If you are using SDK methods that get all flags on the server-side, you may not be able to predefine the fallback value in your code. For more information on how the all flags behavior works for your specific SDK(s), read: Getting all flags

Mobile SDKs

To handle the inherently unstable nature of mobile environments, all of our mobile SDKs cache the most recent state for the 5 most recent users locally on the device.

For more information on this behavior on Android, read: Identifying and changing contexts
For more information on this behavior on iOS(Swift and Objective C), read: Identifying and changing contexts

Client-side JavaScript-based SDKs

For client-side JavaScript-based SDKs, you cannot change the user object to a new user, or the SDK will serve the fallback value for all flags until it has finished fetching the flags for the new user.

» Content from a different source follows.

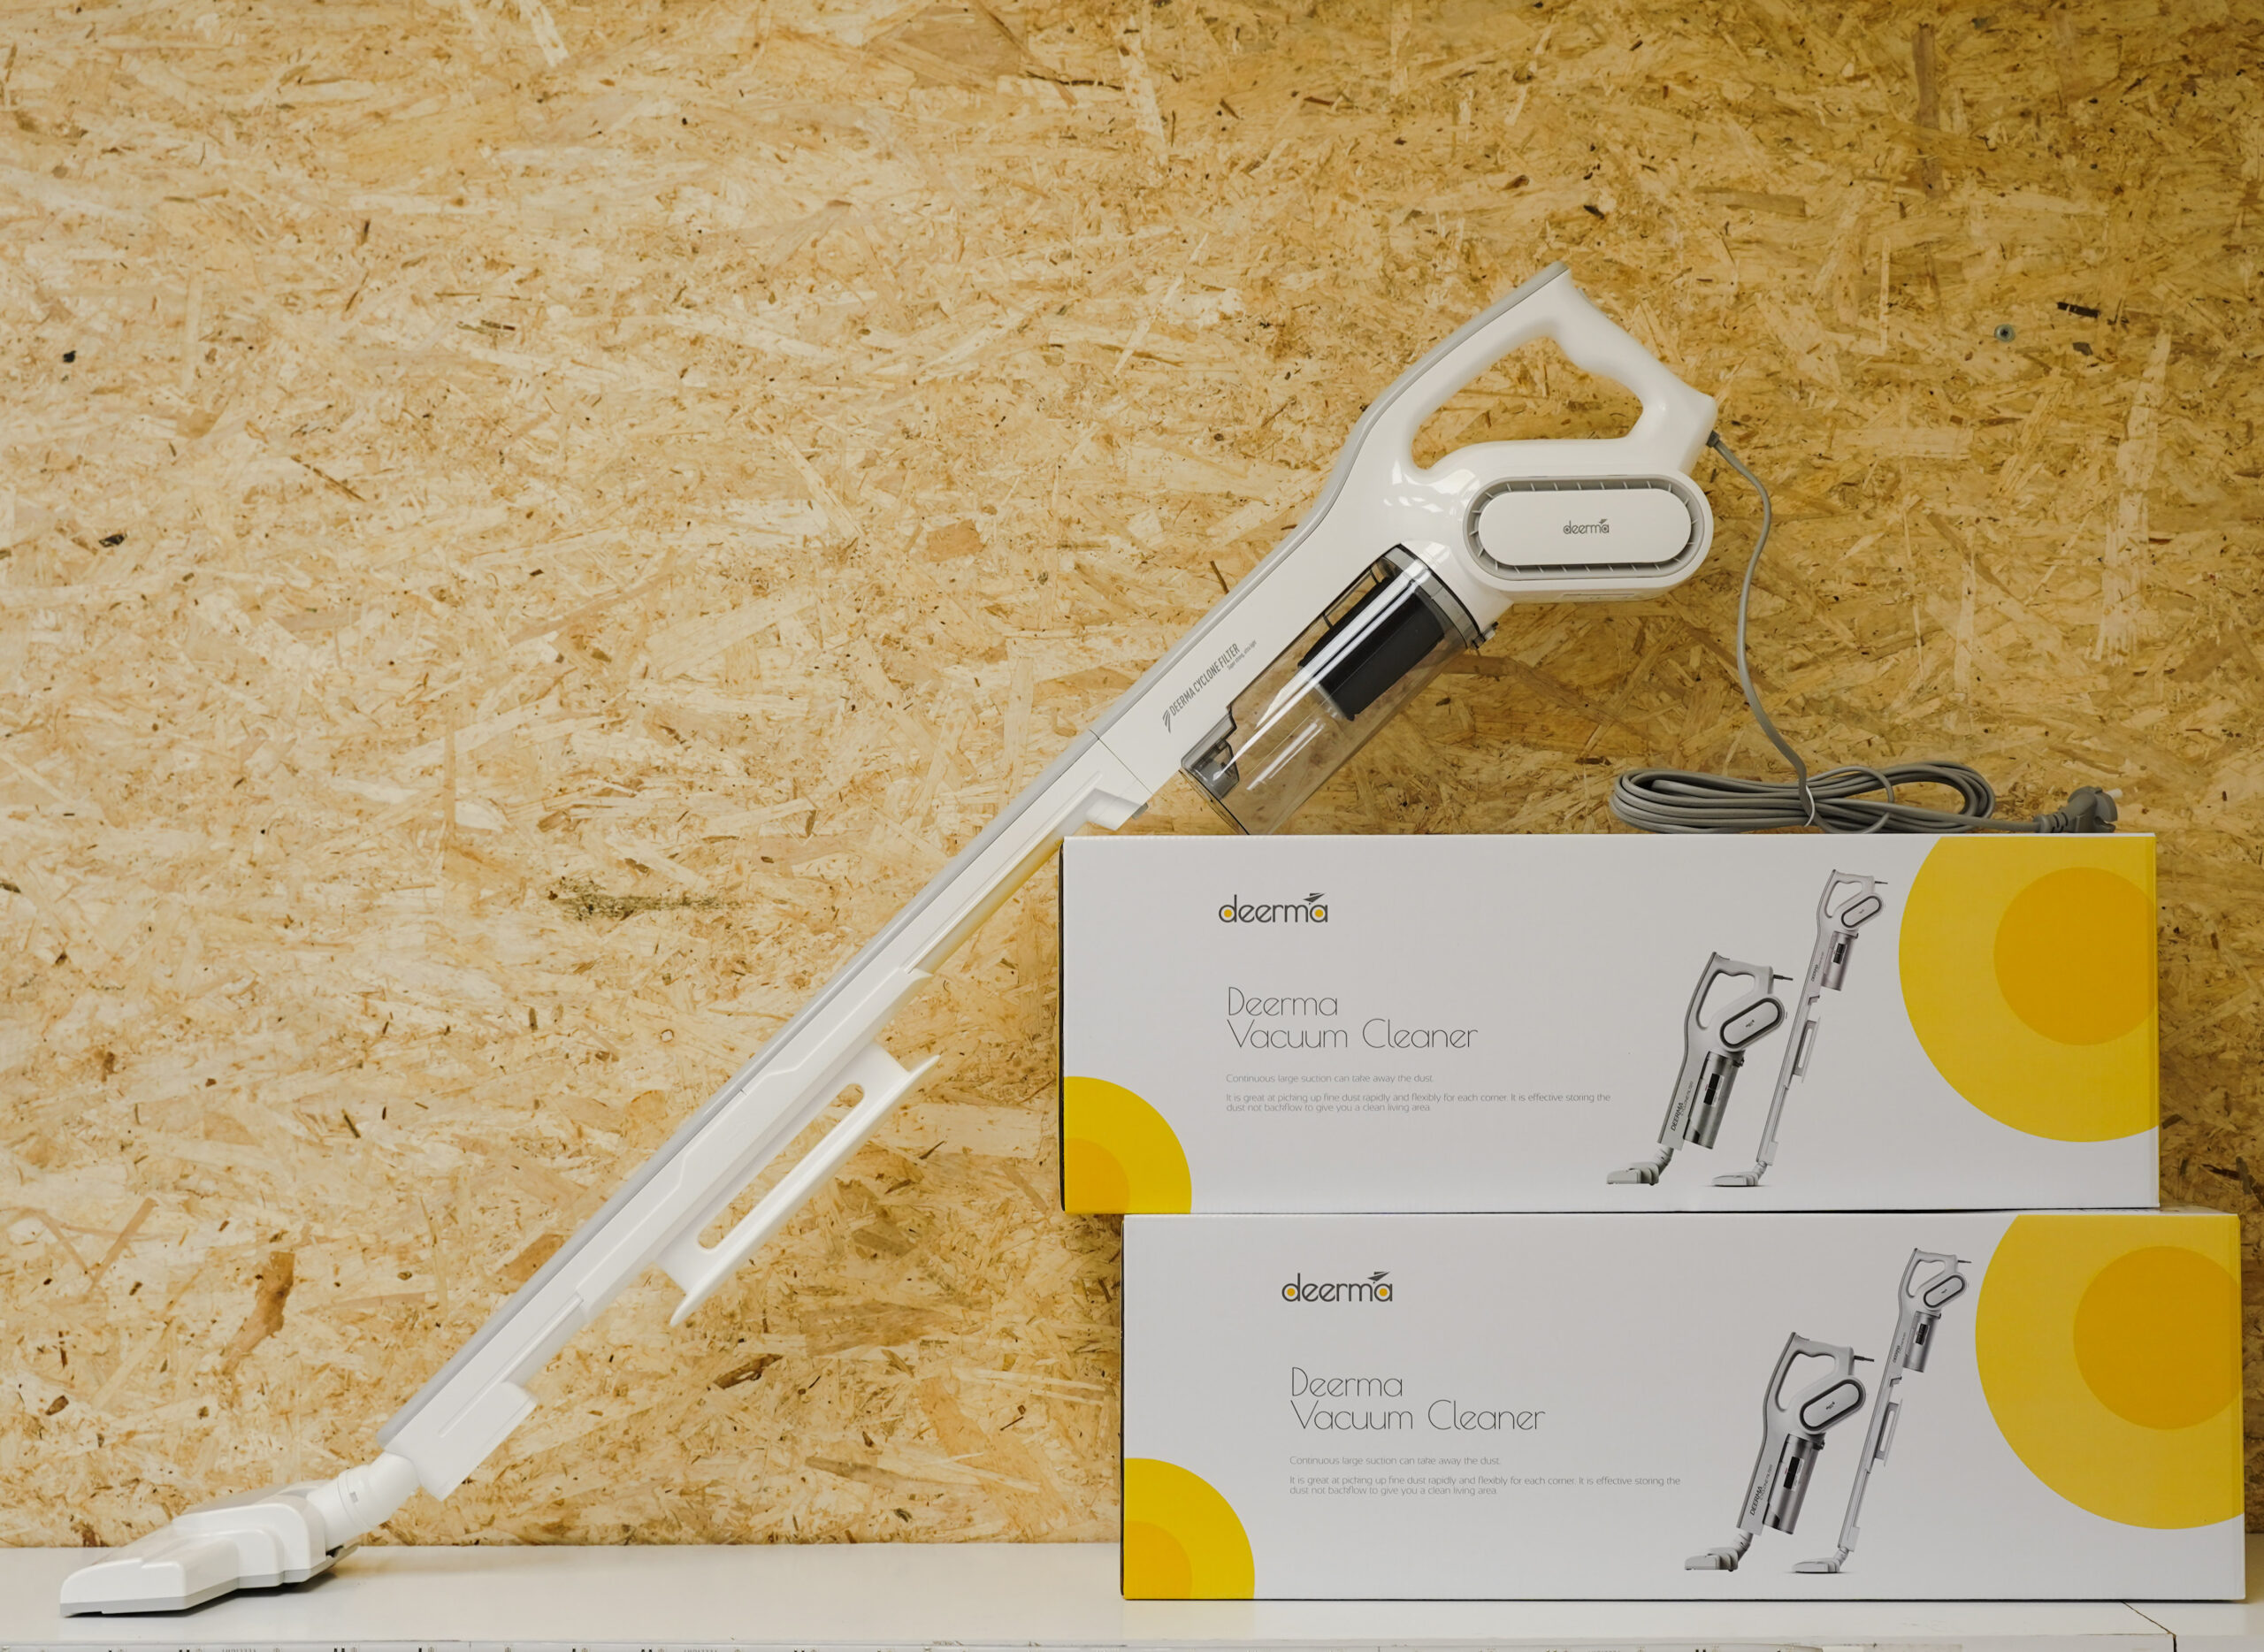 Aspirador Vertical Xiaomi Deerma DX700 Handheld Vacuum Cleaner 2-Em-1

This is achieved by configuring the SDK with the bootstrap: “localstorage” option. This is the optimal solution if you expect your users to:

Use your app offline frequently.
Load the app under poor/unpredictable network conditions.

You can also use this solution if you want to quickly use the SDK without waiting for it to initialize.

It is also possible to evaluate the user’s flags server-side and render them into the page you send to your users, then bootstrap your JavaScript-based SDKs with those values. This is optimal in any situation where you serve the page to the user over the internet. This also provides redundancy to all users while bootstrapping from localstorage only offers redundancy to revisiting users.

For more information about bootstrapping, read: Bootstrapping

Server-side SDKs

To add redundancy to server-side SDKs, you have three different options.

Persistent Feature Store

One option is to configure your SDKs to use a persistent feature store. The SDK will update the cache when it receives an update, and it will read from the cache when trying to evaluate flags. This provides the following benefits:

SDK can operate even if LaunchDarkly is unavailable.
You can evaluate flags without having to wait for the SDK to initialize its feature requester

The caveat is that the persistent feature store keeps flags cached in memory, but reaches out to the cache to refresh the in-memory cache. This means that SDKs can be out of sync for up to X seconds, where X is the cache's TTL.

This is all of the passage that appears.